We spent the entire class tonight covering some basic Cantonese (and Chinese in general) grammar.


(When) + Who + (When) + Where + What Is Going On + How Many Times (or a few other adverbial phrases)

As we reviewed from the very end of our previous class, THIS is the basic structure of a Cantonese sentence, with the following clarifications/definitions, and has been shortened this way as a memory aid: (WHEN) WHO (WHEN) WHERE WHAT HOW, or more simply and more often: WHO WHEN WHERE WHAT HOW:
  • WHEN = the specific time when the action of the sentence occurs (now, yesterday, next Tuesday, 3 years from now on a Friday at 4:42 am, etc.). This can appear in one of two possible places in a Cantonese sentence: either at the very beginning before the subject, or right after the subject. It MUST appear in one of these 2 places. It CANNOT appear at the end of a sentence, as in English; though in English, we can say either "Tomorrow I will go to the store," or "I will go to the store tomorrow," in Cantonese we MUST either say "Tomorrow I will go to the store" or "I tomorrow will go to the store." We CANNOT put the time phrase at the end of  a Cantonese sentence!
  • WHO = the subject of the sentence (a person, place or thing)
  • WHERE = the location of the action in the sentence (in New York, at my home, in the classroom, etc.). This will be different from an English sentence: "I attended Chinese class at MS 131" becomes in Cantonese "I at MS 131 attended Chinese class." 
  • WHAT is not a noun, but rather is short for "What Happens In The Sentence" -- in other words, THE ACTION or VERB PHRASE for the sentence. Went to the store; plays piano; will ask for another plate of dumplings; etc.
  • HOW = how many times, or sometimes other similar adverbial phrase modifiers of the verb action of the sentence. *Please note, though it is wayyyy advanced past our current level, "three times a week" will actually split and part will appear at the beginning of a Cantonese sentence and the other part at the end of a Cantonese sentence, when we get to this later on in the course: "I go to the movies 3 times a week" will translate into Cantonese as, "I each week go to the movies 3 times" or "I 1 week go to the movies 3 times."
Because Cantonese sentences are more likely to have the time phrase (yesterday, today, now, etc.) appear right after the subject, except when emphasizing when some action occurs, we can simplify our memory aid to:


If you can remember this and really internalize it and begin to view every single Cantonese sentence we learn or that you learn on your own from now on as fitting into this structure or framework, you will rarely if ever have any issue forming a Cantonese sentence with proper SYNTAX (the grammatically correct word order for the language as it is spoken by educated native speakers).

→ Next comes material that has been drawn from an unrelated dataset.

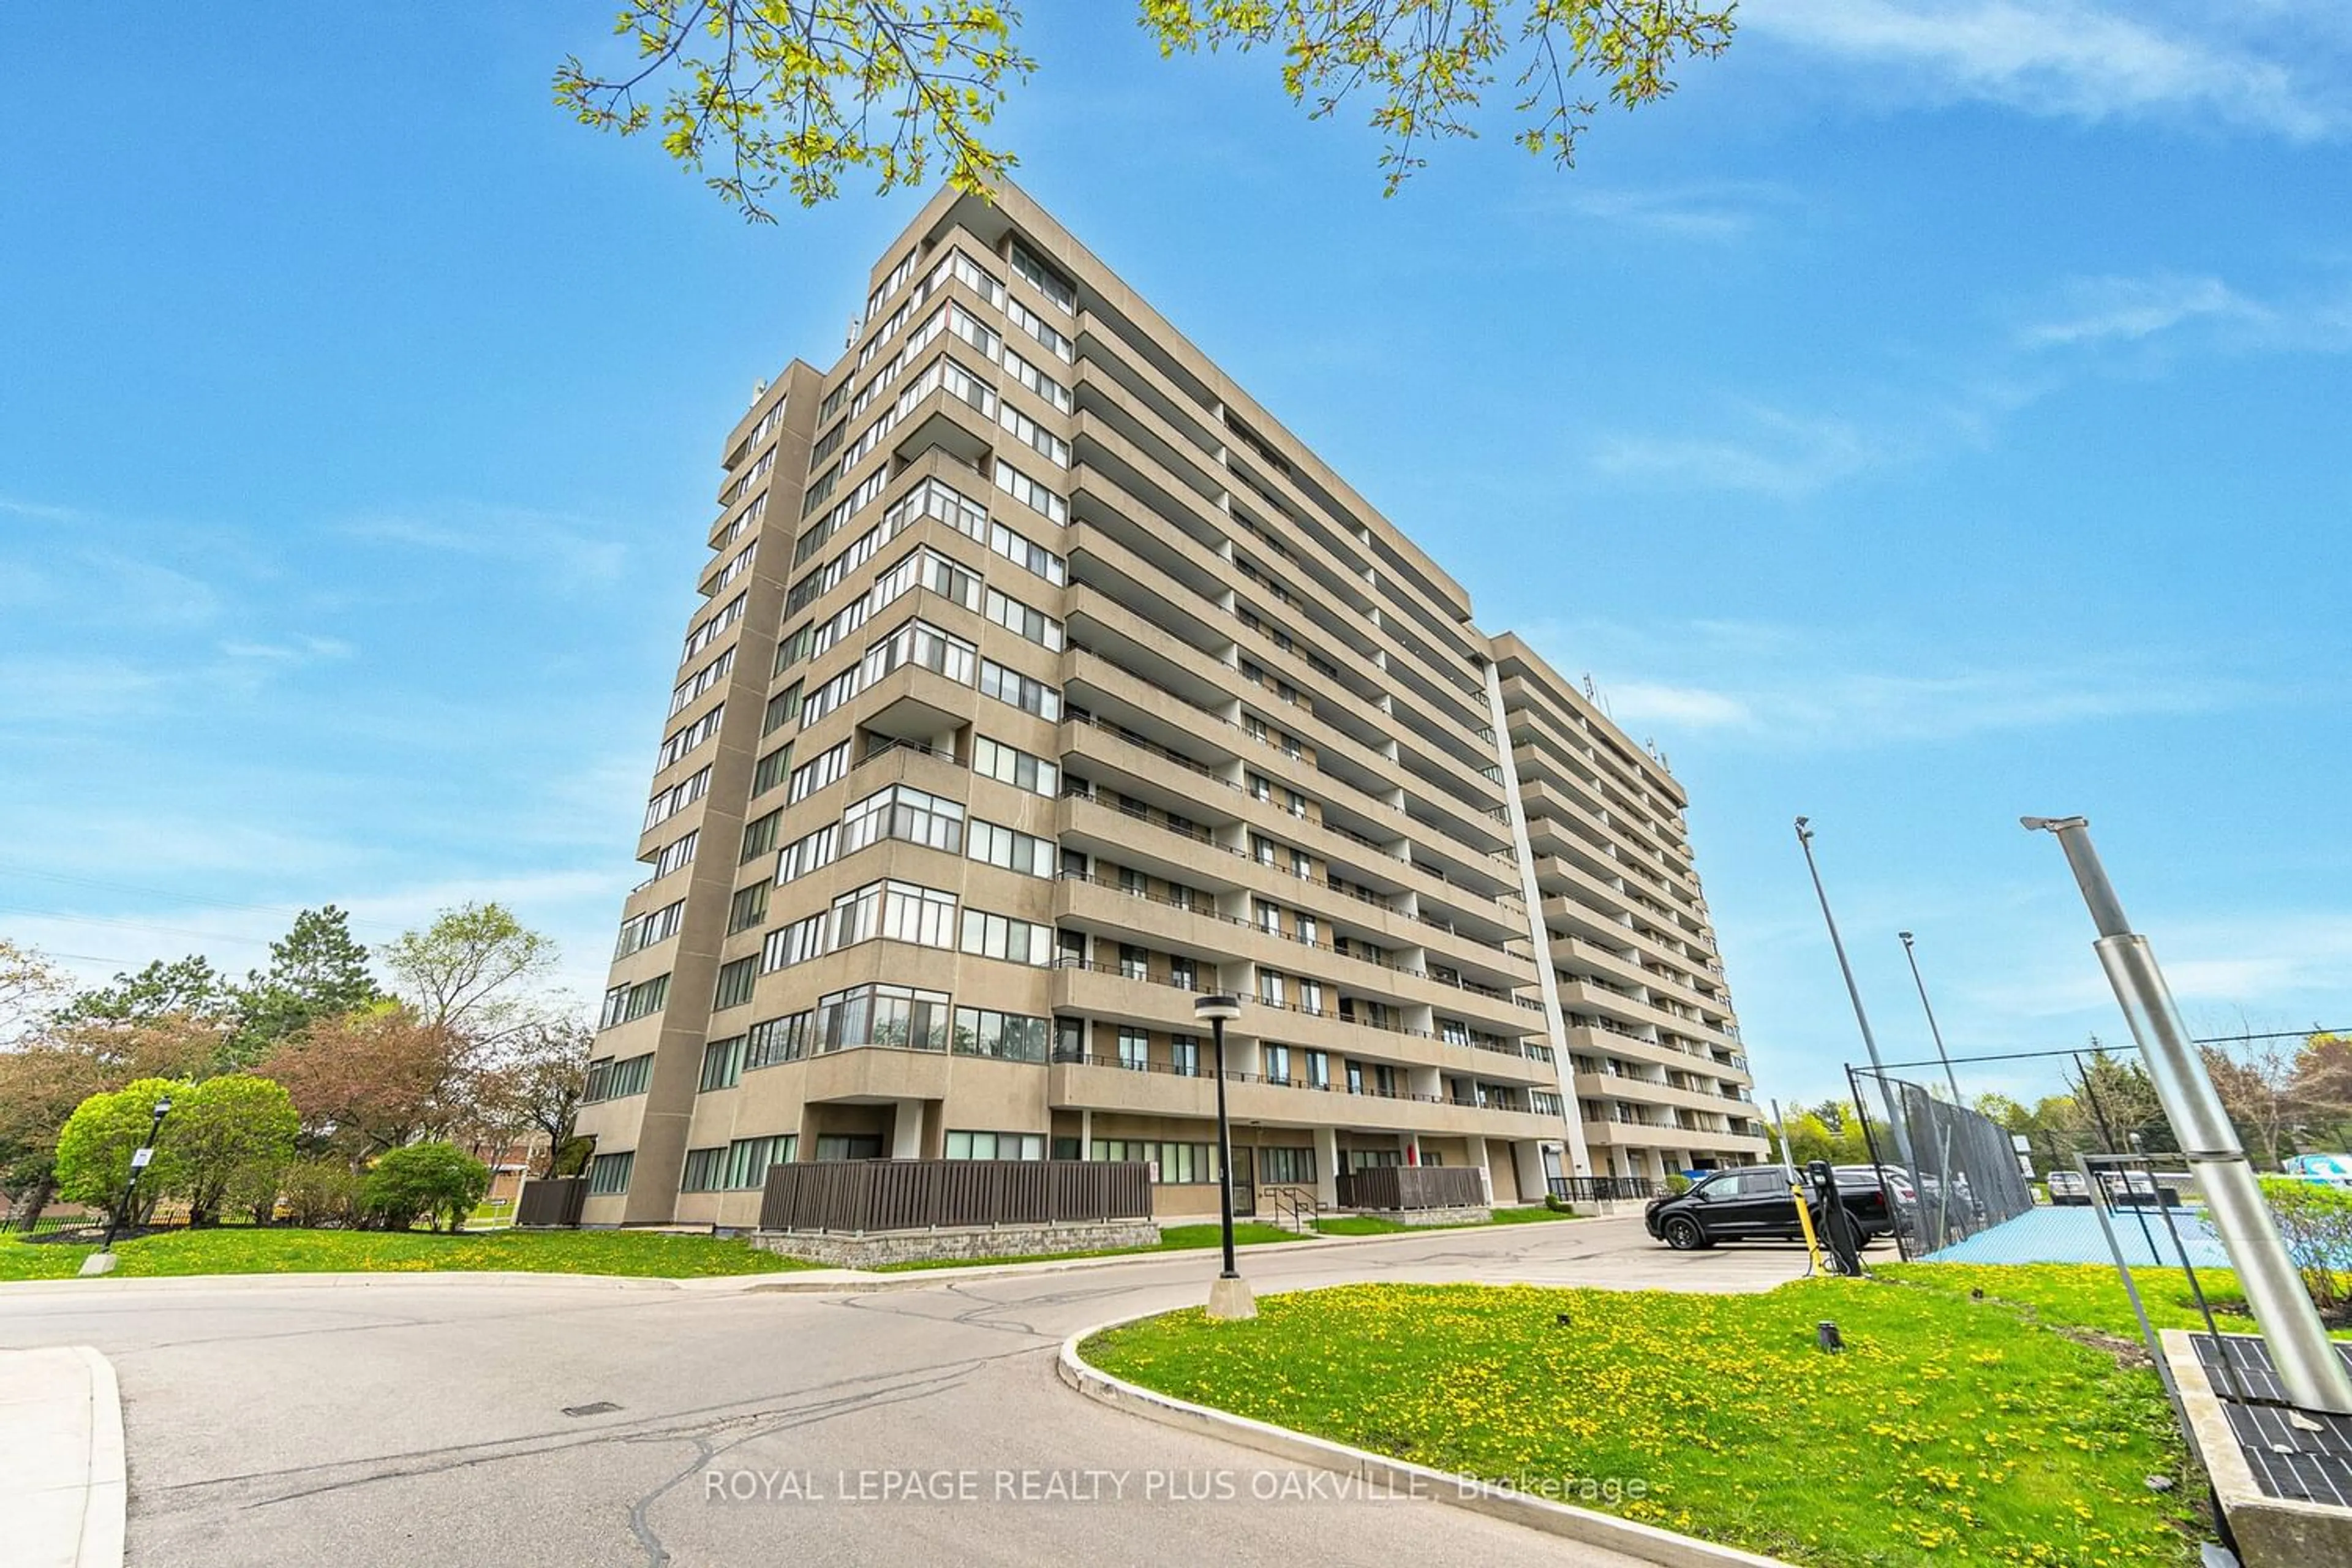 A pic from exterior of the house or condo for 1300 Mississauga Valley Blvd #1002, Mississauga Ontario L5A 3S8

I suggest that all of you create your own "worst scenario" Cantonese syntax sentence as you learn more and more vocabulary, and then translate it into English preserving the exact word order of the Cantonese so that all of the differences regarding WHERE THINGS GO IN A CANTONESE SENTENCE will be obvious to you. At this point in time, due to our very limited vocabulary and lesson material covered so far, we cannot really do this yet in Cantonese, but we can certainly do this in English, to create a very awkward and unnatural-sounding English language sentence with perfect Cantonese Chinese word order.

Without bogging you down with unnecessary additional Cantonese vocabulary words at this point, my "worst case scenario" English translation of a complicated Cantonese sentence preserving proper Cantonese syntax, off the top of my head, might be:

Sammy last Tuesday afternoon (at) pm 3:30 located in Brooklyn's Hong Kong Supermarket went shopping 2 times...

If we want to go truly crazy, we can even add a WHY to the same Cantonese sentence, creating one long, winding tale just like the stories we might weave in English. This would form a WHO WHEN WHERE WHAT HOW WHY sentence:

...BECAUSE the first time, she forgot to buy noodles; THEREFORE, she later returned (and) thus bought-succeeded her earlier forgot to buy needed things.

As in English, with a bit more polish, we could have also created a more concise WHY (because... therefore...) WHO WHEN WHERE WHAT HOW MANY TIMES sentence:

BECAUSE the first time, she forgot to buy noodles -- THEREFORE, she later last Tuesday afternoon (at) pm 3:30 returned went Brooklyn's Hong Kong Supermarket a second time purchased her forgot to buy needed things.

Once we learn more Cantonese, we can eventually approach making ridiculously long and overly complicated sentences like this. I challenge you all to challenge yourselves as you learn more vocabulary and as your Cantonese studies progress, to constantly evaluate and reevaluate your current level of Cantonese by seeing just how long and unnecessarily convoluted of a sentence you can create while still preserving correct Cantonese syntax and grammar.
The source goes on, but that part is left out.